Hermione's eyes went wide in realization. "I'll, er, I'll see if I can help him stall until Professor Dumbledore arrives. I'm sure one of the Prefects already went to fetch him," she said, hurriedly standing up. "Oh, I hope Harry gets back soon. We could really use one of him right about now." She rushed off to save Hogwarts from the consequences of Malfoy's attitude.


Translations:

-Sammli da Estudis Hyrulias da Gerudo Voe ⇒ Compendium of Hyrulean Studies of Gerudo Men [with "voe" being a Gerudo word, not a Hylian one]

-Manual Kodamas da Lingua Hylian ⇒ Children's Manual of the Hylian Language

-Bonndia. Mi halle Tiamus. Dori vi arias, pov'forda? Vi nai arias da Hyrulia, s'ari nai? ⇒ Hello. My name is Tiamus. Where are you from, may I ask? You aren't from Hyrule, are you? [polite speech]

Notes:

-Fortune City is the biggest city on Windfall Island and a major tourist stop for vacationers who want the island atmosphere, but mainland comforts. It began where the original village stood 2,600 years ago in Wind Waker and spread out as the waters of the Great Sea receded.

-Back in Þe Auld Dayes, darker and richer colors were more expensive to dye, which is why the people perusing the tablet section were dressed like that. Sheikah Slates in this era are mainly a plaything of the rich and/or nerdy. They're analogues to the chunky laptops of our world in 1993. I've written a little article about them to accompany my concept art, for those who are interested.

-Salvio is kitted out like BOTW Link with the addition of a short sword, a dagger, and a bow sheath. He's just some helpful rando who won't show up again, but a very good example of what the rare professional adventurer looks like.

-The hammer-wielding Hero with the proto-Guardian is one of the most well-known historical figures in the New Kingdom's modern history and will be referenced here and there in the future. She did quite a lot to establish the infrastructure of the current era.

-Gossip Stones in this fic are like the Pirate's Charm used in Wind Waker. They're two-way devices that come in pairs and function like walkie-talkies. Enchanted objects like these are one of those signs that this era of Hyrule still leans more heavily on traditional magic than the people who built the Divine Beasts and Guardians.
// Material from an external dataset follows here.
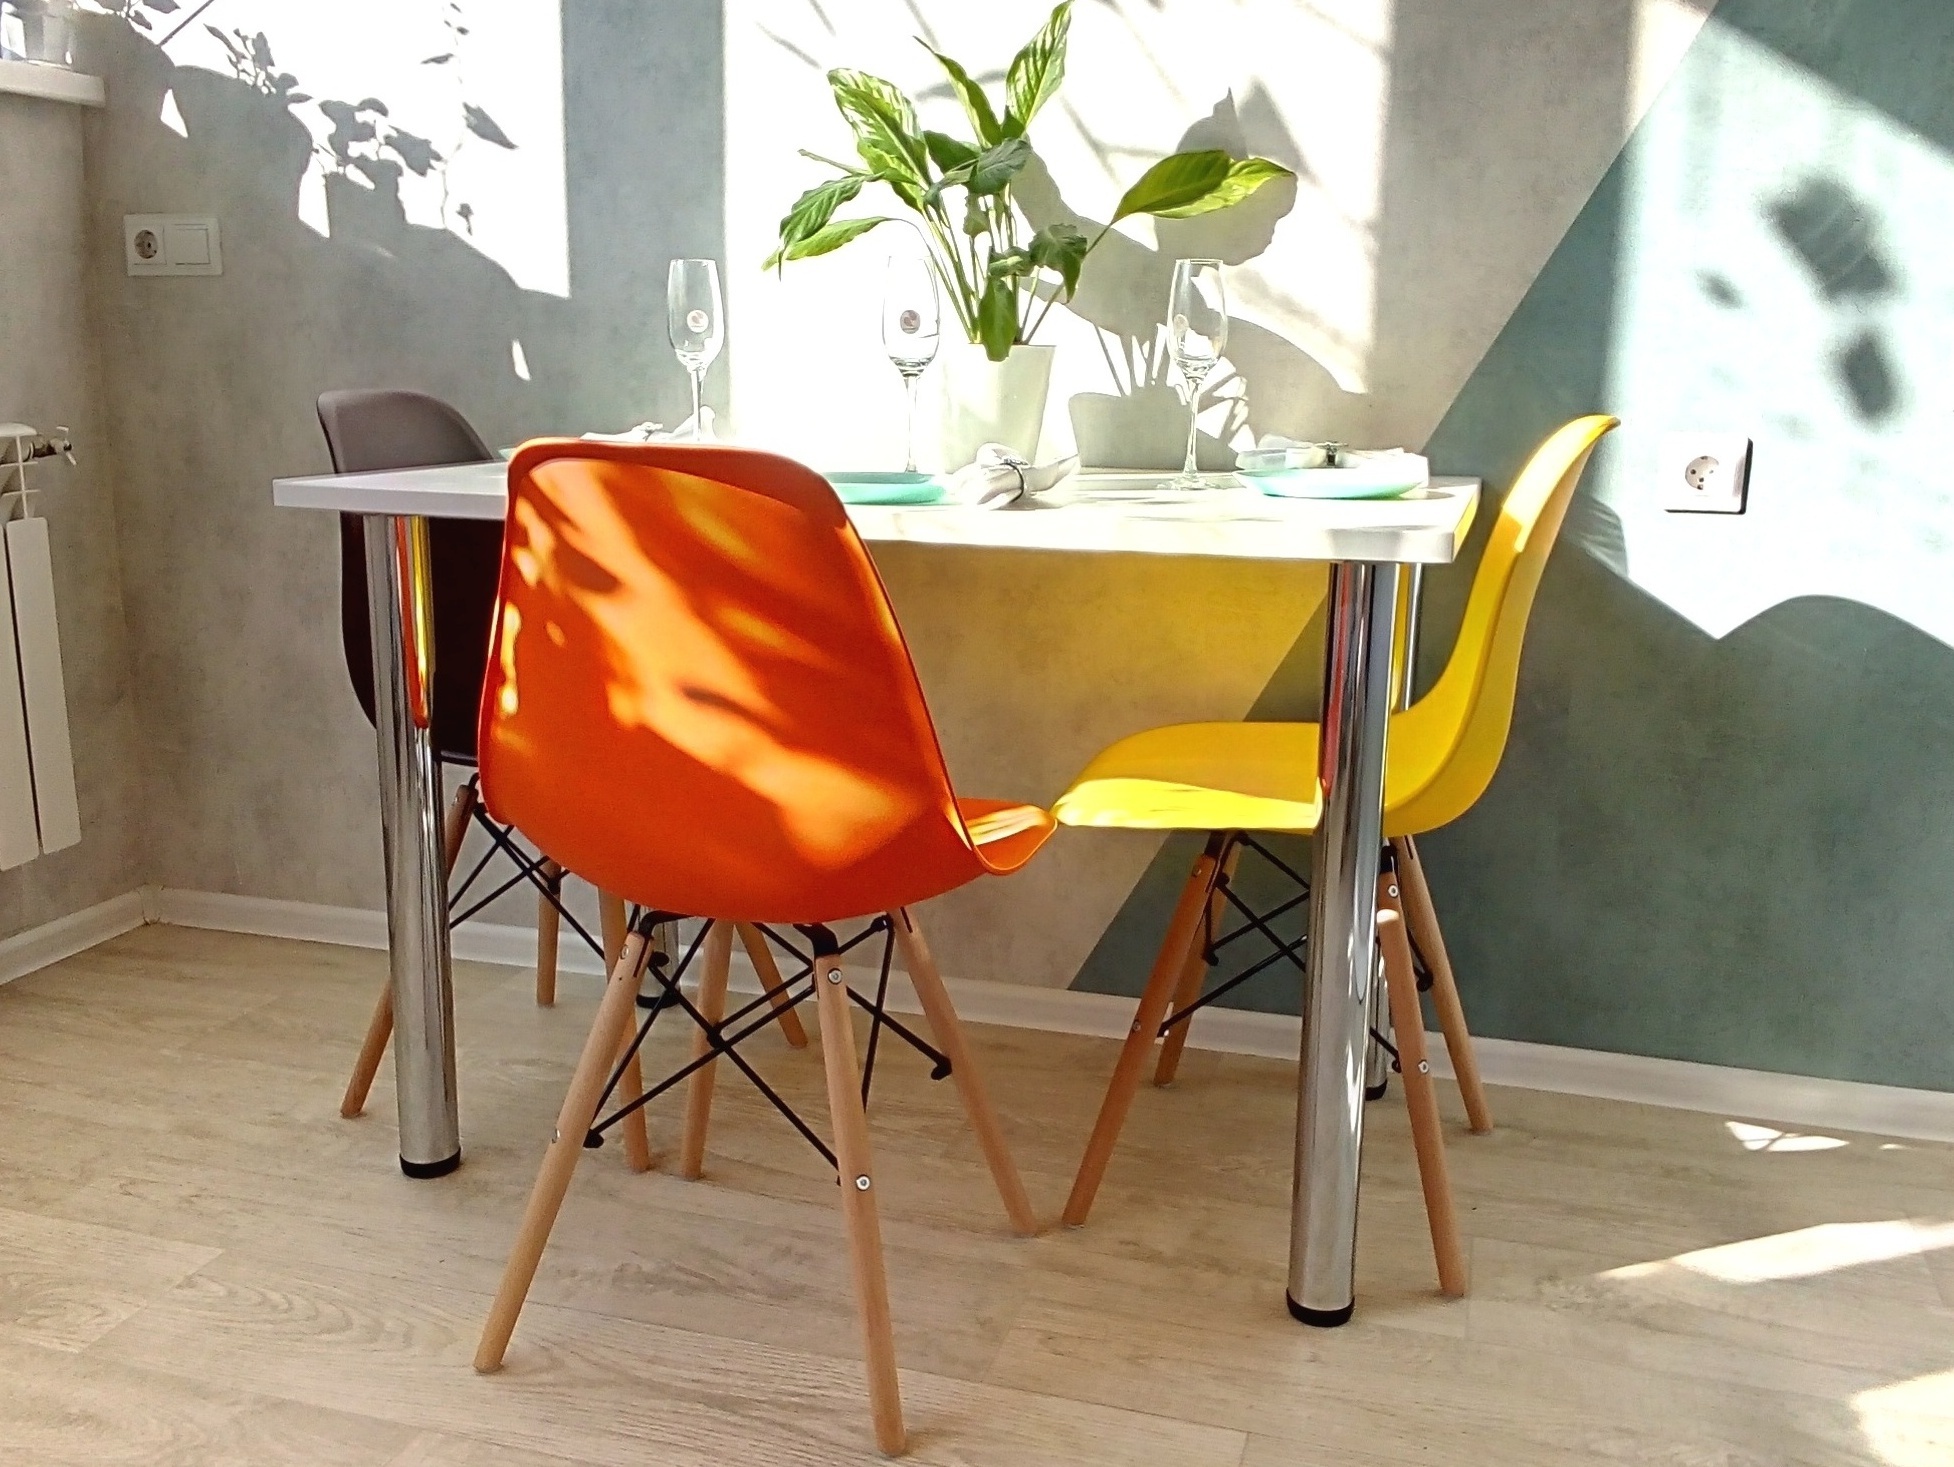 Столы и стулья на ЗАКАЗ✴️ оформить заказ столов и стульев - индивидуальные размеры, цвет, материалы

-I know, I know, I'm being pretty mean to the folks at the castle. It's for setting integration reasons, I swear! Since very few people in Hyrule have magic, let alone on the level of a Dark World mage, the teachers would be very reluctant to reach out to the sea of Muggles, almost-Muggles, and unfamiliar non-humans around them for help. I'm just adding some stakes to make them get over themselves, since pulling away from non-magical outsiders is deeply ingrained in their culture.